The following is his reply published in its entirety with his permission. I have withheld his contact information for obvious reasons. However, he will be reading the comments to this posting. Also, if you wish to contact him directly, please contact me, and I’ll be glad to let you know how to contact him.


The Committee on Bible Translation (CBT) is an independent body of OT and NT scholars, generally representative of the denominational and theological diversity represented in English-speaking, international, evangelical (broadly defined) Christianity. Their remuneration and reimbursement for expenses comes from the International Bible Society (IBS, but recently they changed their name to Biblica; I will refer to it as IBS in this message). I have no reason to believe that they receive any kind of royalty or ongoing payment on the sale of either the NIV or the TNIV, and I am confident they do not. In fact, I have every reason to believe their pay would be considered by most people to be very modest–it is largely a labor of love and mission on their part.

By contract with IBS, the CBT controls the text of the NIV and the TNIV. This means that no one can revise, correct, update, or otherwise change these texts other than the CBT itself. In fact, the CBT itself cannot make any such changes to the NIV text as originally published without a quorum of the CBT present, and without at least a 75% majority of those present. The CBT is a self-perpetuating body and operates under its own very clearly defined rules. Even though I have known most CBT members for years, including many who have retired, even I do not know most of the rules or inner workings of the CBT. I do know there is a mandatory retirement age from the CBT, but retirees may attend and participate in their deliberations but they do not have a vote.

IBS holds the actual copyright to the NIV and TNIV, though they have no control over the text itself (that resides with the CBT as stated above). IBS in turn licenses the commercial publishing rights to commercial publishers–currently the primary publishers are Zondervan and Hodder (UK). The publishers must publish the text exactly as delivered by the CBT, including all footnotes, paragraph headings, etc. Publishers’ royalties are paid to IBS, and these funds support IBS’s Bible distribution and translation projects around the world. IBS does do a very limited amount of commercial publishing and/or distribution of these texts, but it is so small as to be inconsequential.

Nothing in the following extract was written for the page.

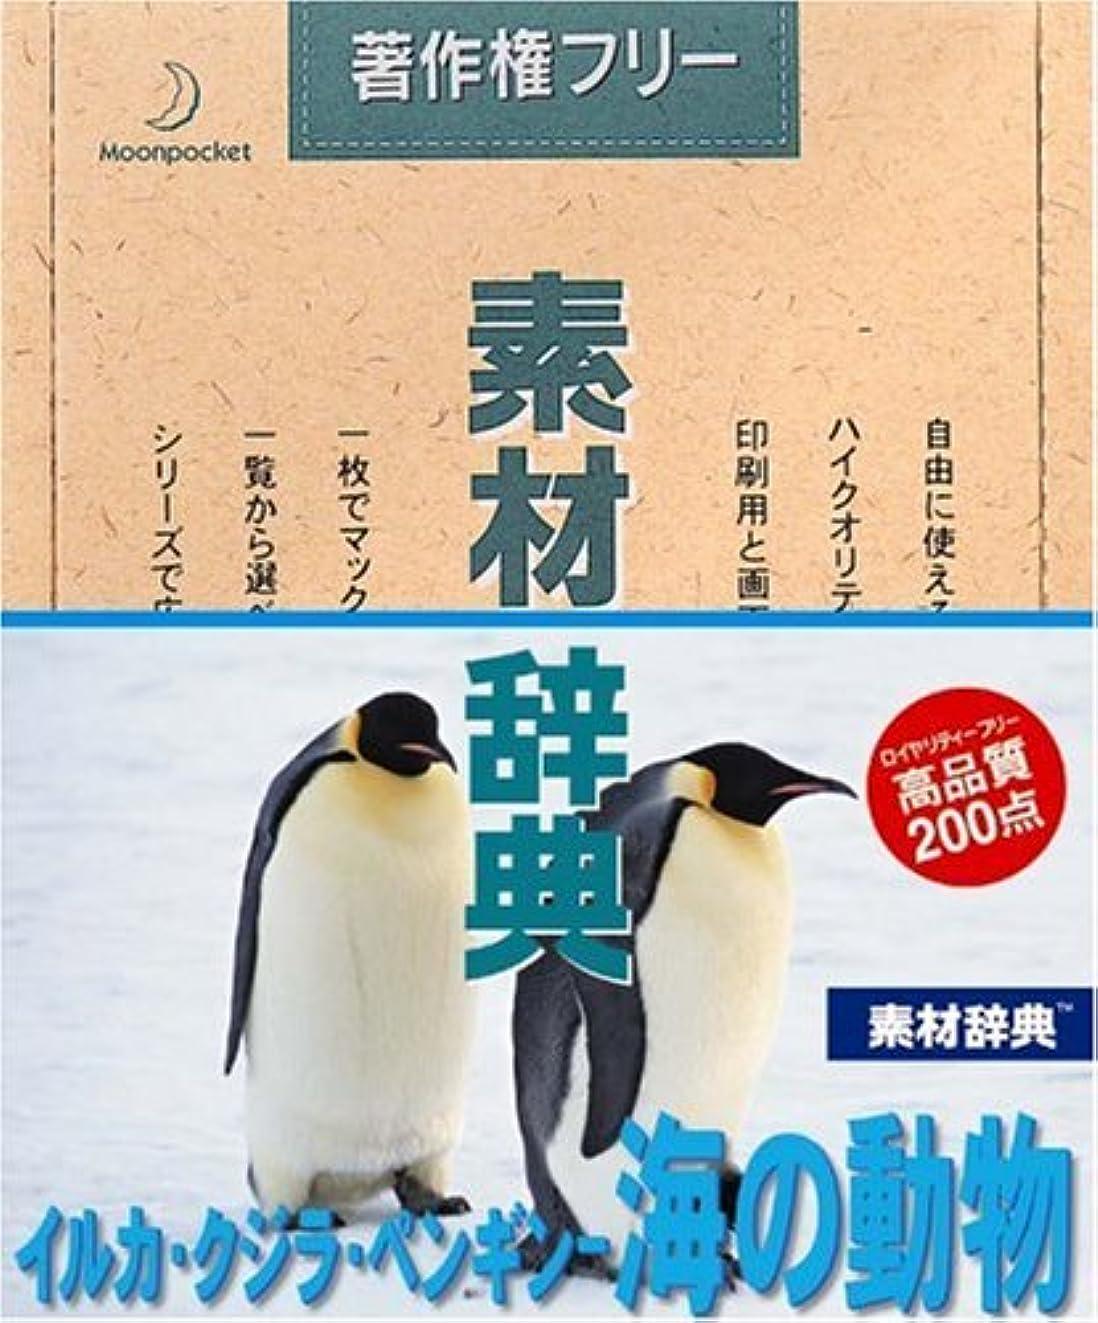 装置日光マナー素材辞典 Vol.72 イルカ?クジラ?ペンギン 海の動物編
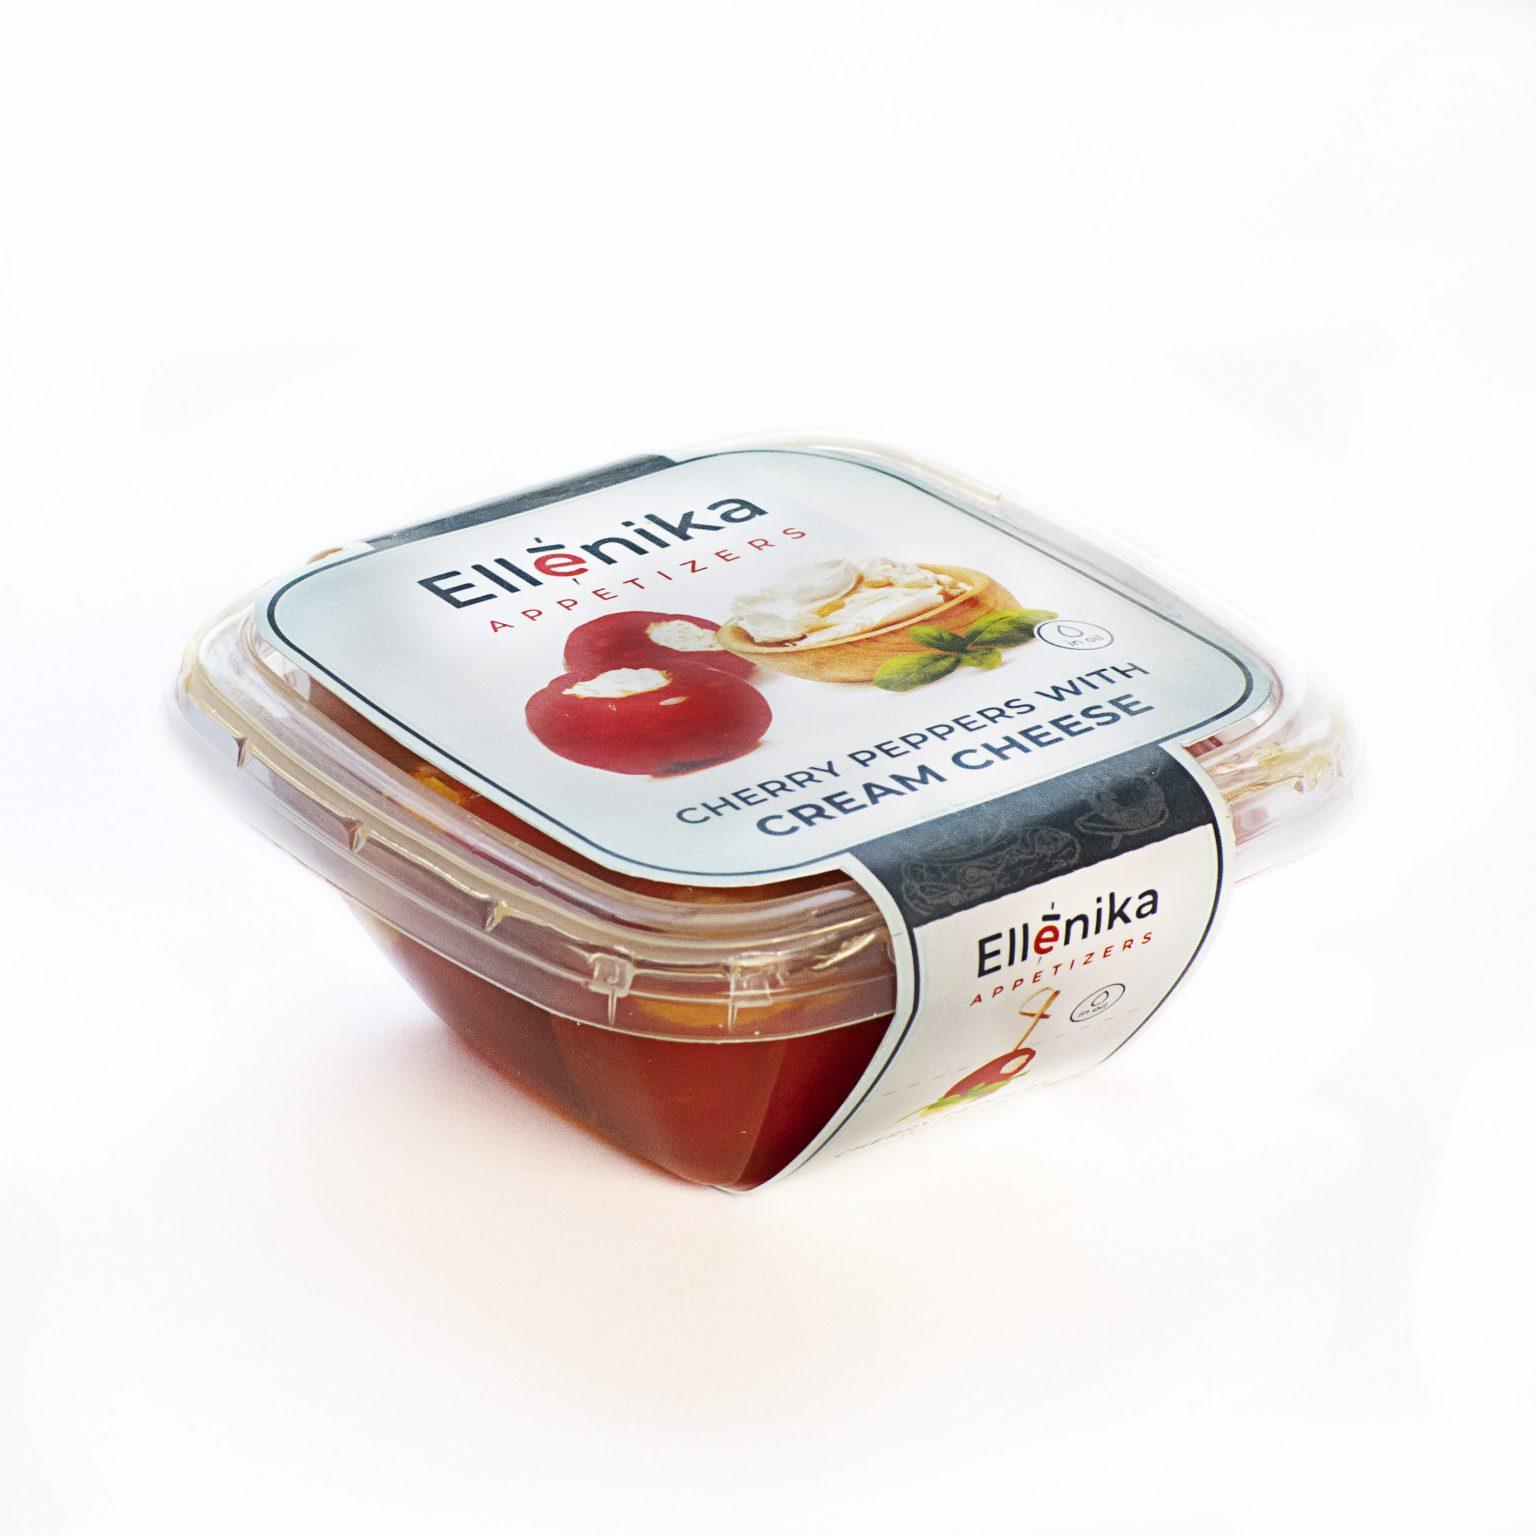 Перчики-черри Ellenika фаршированные сливочным сыром со специями 130 г перчики фаршированные тунцом de luxe gartenz стеклянная банка 280 г

Zondervan does not have a representative who sits in CBT translation sessions, who participates in their discussions, or who has a vote at the table. When the CBT meets in West Michigan in working sessions, we do generally take them out to dinner once, but it is purely a social occasion and an opportunity for us to express our appreciation to them. We do occasionally correspond with or meet with the CBT chair or other members of the CBT, but these are never occasions where we attempt to tell them how they should be revising or updating the text, and if we were to attempt to do so, I can guarantee you it would be counter-productive. Such contacts with CBT members are opportunities for them to tell us what they are doing and what they wish we would do differently. The CBT is jealous of its scholarly independence and it protects itself from pressure groups who have an agenda. (Note how the 75% majority rule protects that as well.)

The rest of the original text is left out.